In modern times, women are financially independent and increasingly earning more income. Improved life expectancy, early retirement, break in the career to pursue personal goals; all contribute to the need of having a systematic financial plan. But, women tend to be more conservative in their approach towards financial well-being. Lack of confidence, financial illiteracy, age old male dominance and scantiness of time has led women to believe that they are inferior to the male counterparts.
5 Mistakes that Women Make When it comes to Money –
- Not Investing
According to Global Wage Report 2018-19 published by International Labor Organization (ILO), women are paid most unequally. On average, women are paid 34% less than men in India. While savings are less, the cost of living and the rate of inflation apply similarly to both. All the more, the life expectancy of women is higher as compared to men. This means women require a larger corpus to fund their retirement needs. Thus, being too conventional about investing not only eats into the returns but also has a more negative impact on the value of retirement corpus.
- No Active Participation
Although most of the women are money managers and budgeting experts at home, when it comes to investing, the onus on making financial decisions is put on their spouses, fathers or relatives. In majority of the cases, women have no knowledge of the investments made by their counterparts on behalf of them and are left clueless after the passing of any unfortunate events (divorce, untimely death, etc).
- Procrastinating investment decisions
When it comes to finance, when one starts investing matters more than how much one is investing. In the example given below, Ms. Early started her investment journey with a mere contribution of Rs. 50 thousand annually, whereas Ms. Late shied away from it initially but started her investment journey with thrice the amount later. At the end of the term, the cost of procrastination for me Ms. Late amounted to an approximate value of Rs. 12 lakhs.

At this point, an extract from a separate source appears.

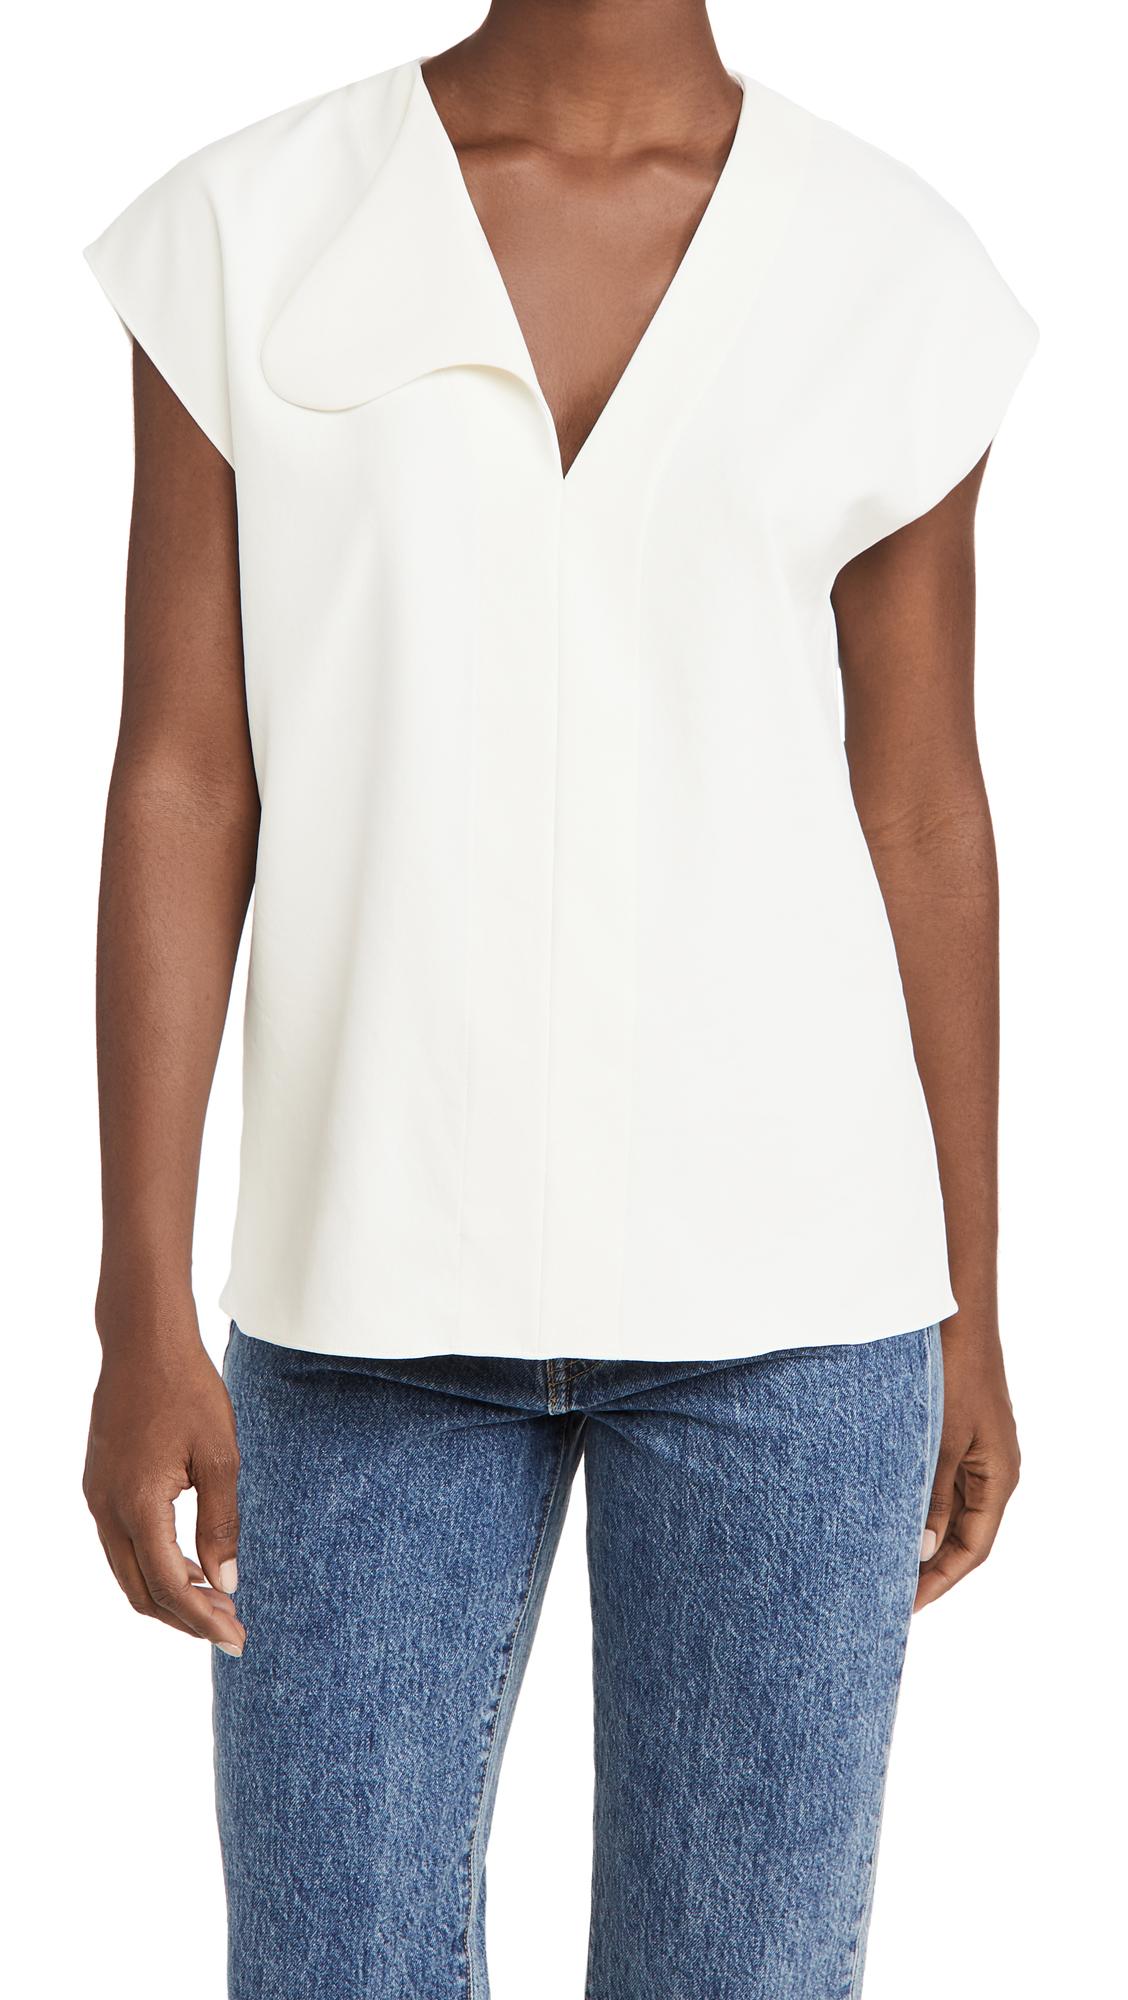 Tibi Asymmetrical Flap Easy Top

Particulars | Ms. Early | Ms. Late |
Annual Rate of Return | 12% | 12% |
Investment Term | 25 | 15 |
Annual Investment/Savings | 50,000 | 150,000 |
Total Investments/Savings | 1,250,000 | 2,250,000 |
Total Value at end of Term | 7,466,697 | 6,262,992 |
Cost of Procrastination | 1,203,705 |
- Financial Illiteracy
Despite of educating themselves on money matters, women tend to transfer the responsibility to the men in their family; they find the task very intimidating. There is a mind block when it comes to investing or understanding different financial products.
- Choosing Investment Products
Managing daily expenses and only investing in jewels, gold and savings account cannot be the base of a portfolio. This lack of awareness can be detrimental to their long-term goals, especially retirement.

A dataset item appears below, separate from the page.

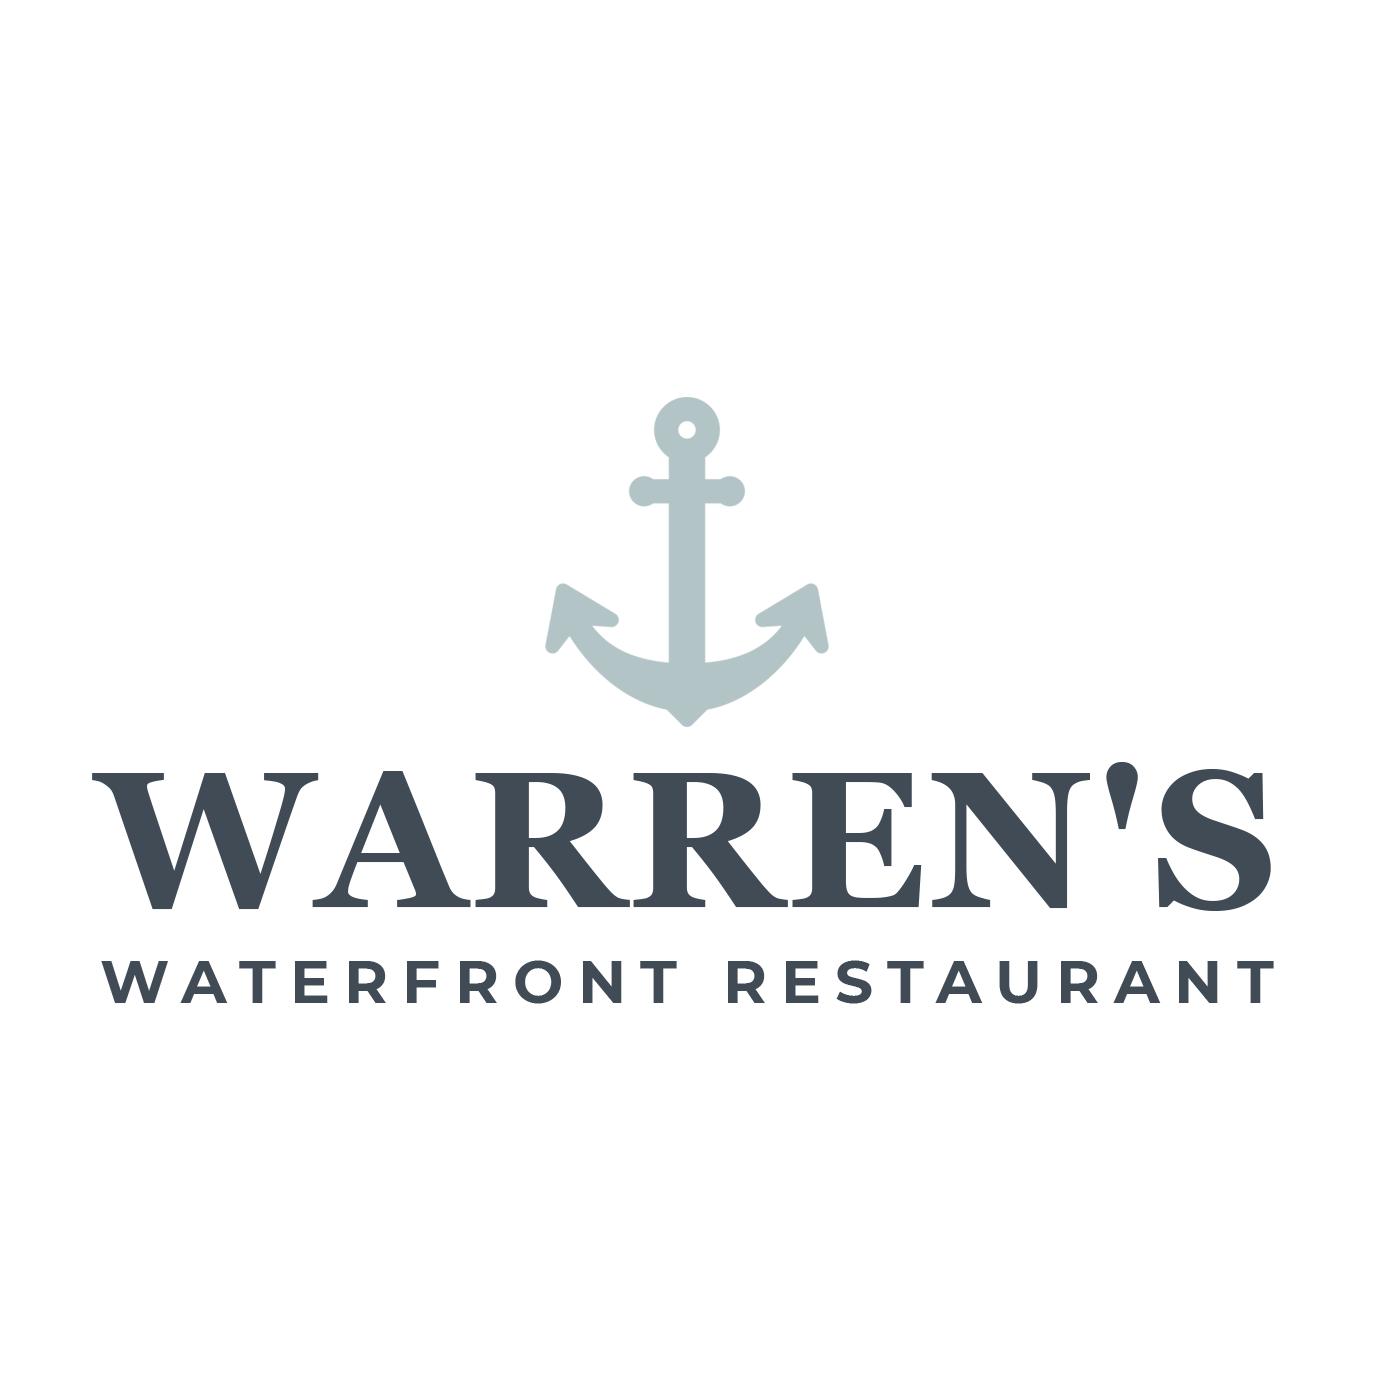 Warren's Waterfront Restaurant

Investments also need to be in product that are diversified and have the potential to earn higher return and beat inflation in the long run.
5 reasons why women need financial planning
- Increasing number of working women
Larger numbers of women, urban as well as rural are joining the workforce at junior, mid and senior level of management. As income rises, the need to manage the finances also rises.
- Pay Gap
Women all over the world earn less in comparison to their male counterparts for the same level of work. This income disparity has a negative impact on the savings that can be set aside for future goals.
- Inheritance
Gender inequality is becoming a thing of the past. Women, by and large, are increasingly inheriting ancestral properties. Due to the changes in Hindu Succession Act and Indian Succession Act, women have legal claim in the wealth of their parents even after marriage. This inheritance needs to be managed efficiently.
- Higher Life Expectancy
Generally, women live longer than men and need to manage their life thereafter individually without any outside help. With an increased life expectancy comes the additional financial burden of creating a larger corpus by retirement in order to sustain the same standard of living.
- Career Break
Often women are compelled to take career breaks for family and/or children. Finances need to be properly managed so that the irregularities in income can conveniently be managed so as not to damper the financial well being of the individual.
Thus, in an era where women are progressing at an unprecedented rate, we need to make sure that they are taking care of their finances and taking all the right steps to invest wisely and protect their capital. They are natural savers and planners; many just don’t realize that they can surpass others when it comes to making their own financial decisions, all they need is a right track to start and they can flourish more than anybody else.